MEDIA CONTACT: Anthony Chenault

Ohio EPA Requests Nominations to Finance 2020 Wastewater Projects Across the State 

Nominations must be received by August 31

Communities seeking help to fund wastewater infrastructure projects for 2020 need to submit nominations by Aug. 31, 2019, for assistance under the Water Pollution Control Loan Fund (WPCLF). Projects may be nominated by following the instructions and forms available on Ohio EPA’s website. 

“The state’s revolving loan account continues to be an excellent option for communities seeking to improve their wastewater infrastructure,” Ohio EPA Director Laurie A. Stevenson said. “I encourage community leaders to work with our office, assess their needs and consider applying before the Aug. 31 deadline.”

Low-interest loan funds will be made available to all projects that meet program requirements. In addition to loan awards, approximately $36 million will be made available as “principal forgiveness” loans (loans in which some of the principal is awarded like a grant).  Additionally, up to $15 million will be offered to public agencies and not-for-profit organizations to carry out projects to restore habitat in Ohio’s water bodies under the Water Resource Restoration Sponsorship Program. 

For construction projects, nominations must be submitted to Ohio EPA by Aug. 31. Planning, design and nutrient reduction projects may be nominated at any time during the program year. 

The WPCLF program is administered by Ohio EPA’s Division of Environmental and Financial Assistance, with assistance from the Ohio Water Development Authority. Since 1989, the WPCLF has provided more than $9 billion in community loan assistance and saved its customers more than $1.5 billion in interest. Ohio EPA estimates that WPCLF loans often equate to grants of 15-38 percent of a project’s total cost when compared to conventional finance rates. 

Low-interest loans have been provided to municipalities and individuals for agricultural best management practices, home sewage system improvements, contaminated site cleanup and landfill closures. Additionally, the WPCLF can provide technical assistance to public wastewater systems in a variety of areas from the planning, design and construction of improvements to enhancing the technical, managerial and financial capacity of these systems. 

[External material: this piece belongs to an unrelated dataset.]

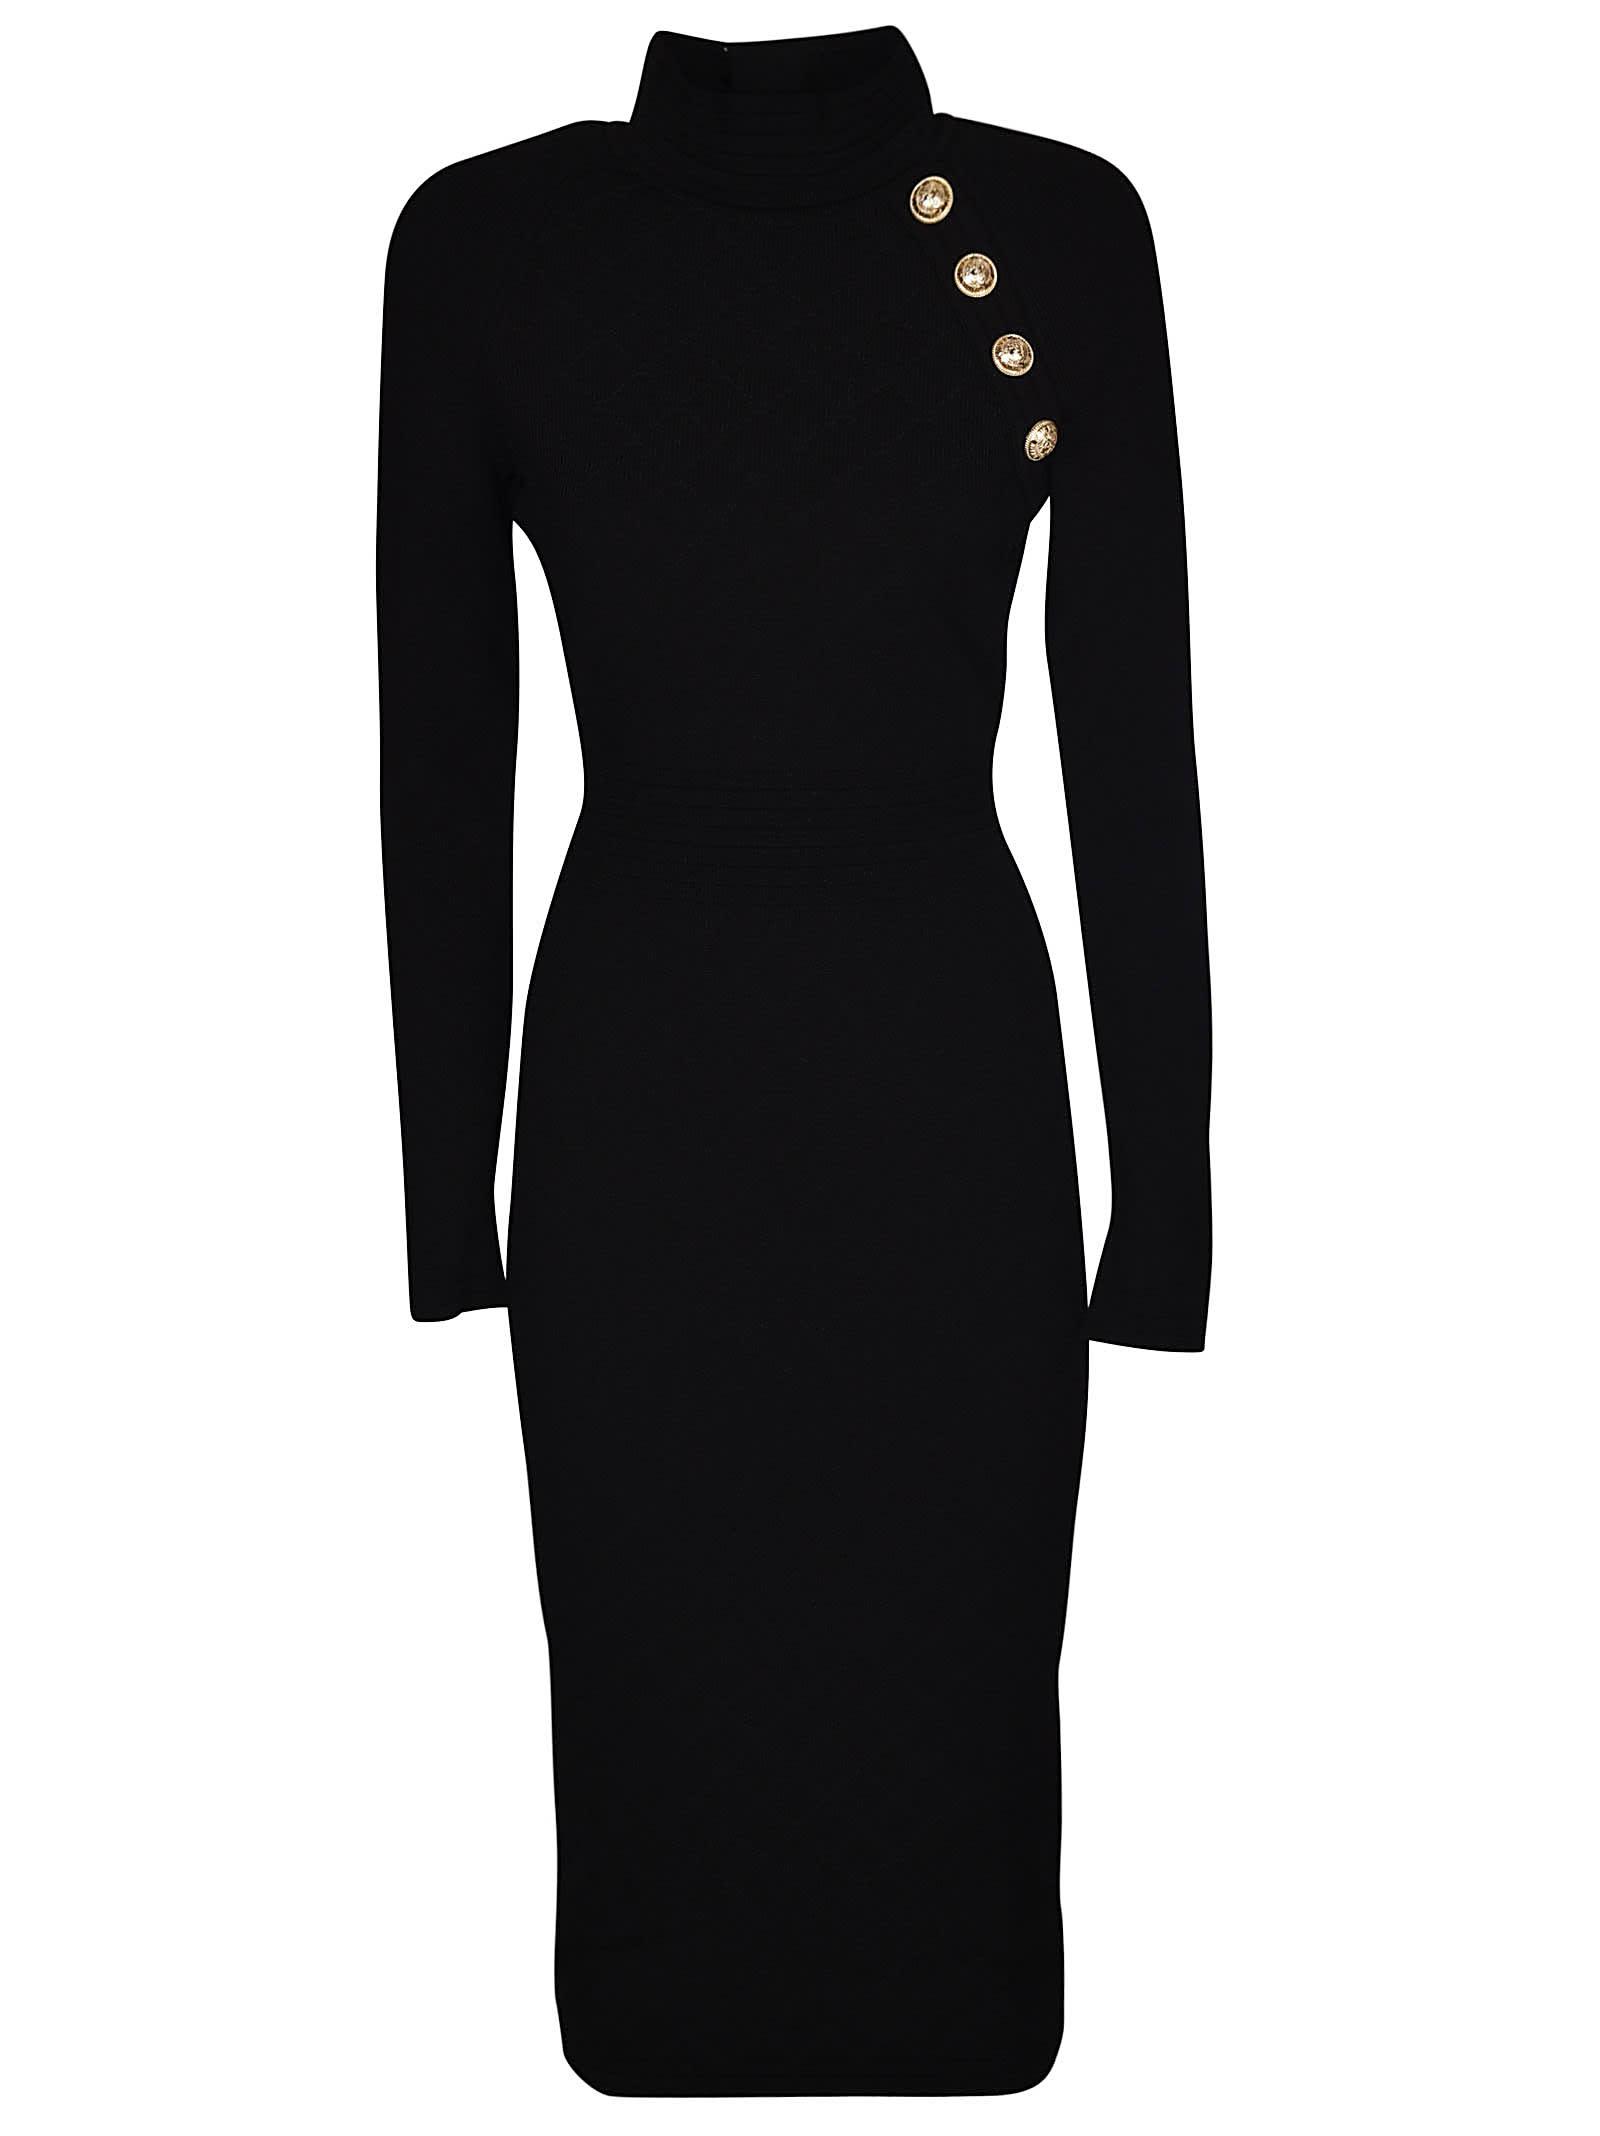 Balmain Long Sleeved Dress

The Ohio Environmental Protection Agency was created in 1972 to consolidate efforts to protect and improve air quality, water quality and waste management in Ohio. Since then, air pollutants dropped by as much as 90 percent; large rivers meeting standards improved from 21 percent to 89 percent; and hundreds of polluting, open dumps were replaced with engineered landfills and an increased emphasis on waste reduction and recycling.